ACE INHIBITORS AND DIURETICS                                                            63(  1.2)        0 (  0.0)               63 (  0.6)                   

   BI PREDONIUM                                                                                    2 7(  0.4)        0 (  0.0)                2 (  0.2)                     

   CIBADREX                                                                                           10(  0.2)        0 (  0.0)                 1 (  0.1)                      
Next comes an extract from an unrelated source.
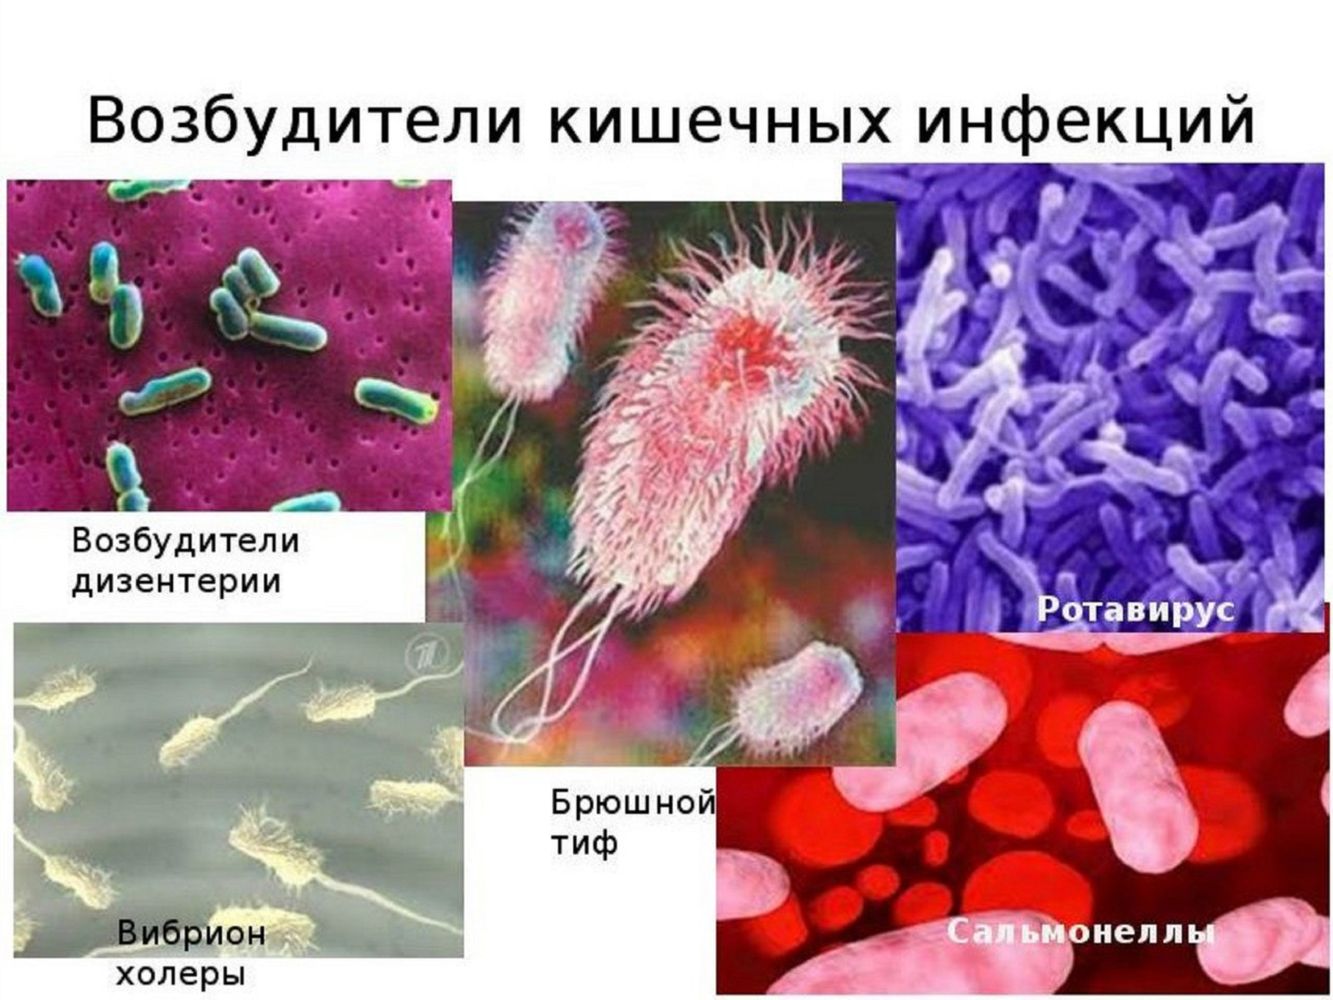 Микроорганизмы способные вызывать заболевания. Острые кишечные инфекции бактерии возбудители. Возбудители бактериальных инфекций бациллы. Микробы возбудители инфекционных заболеваний.

   SALUTEC                                                                                            14 (  0.2)        0 (  0.0)                 1 (  0.1)                      

   ZESTORETIC                                                                                         2 (  0.4)        0 (  0.0)                 2 (  0.2)                     

                                                                                                                                         

ACE INHIBITORS, PLAIN                                                                      104 ( 20.6)      115 ( 22.7)           219 ( 21.6)                      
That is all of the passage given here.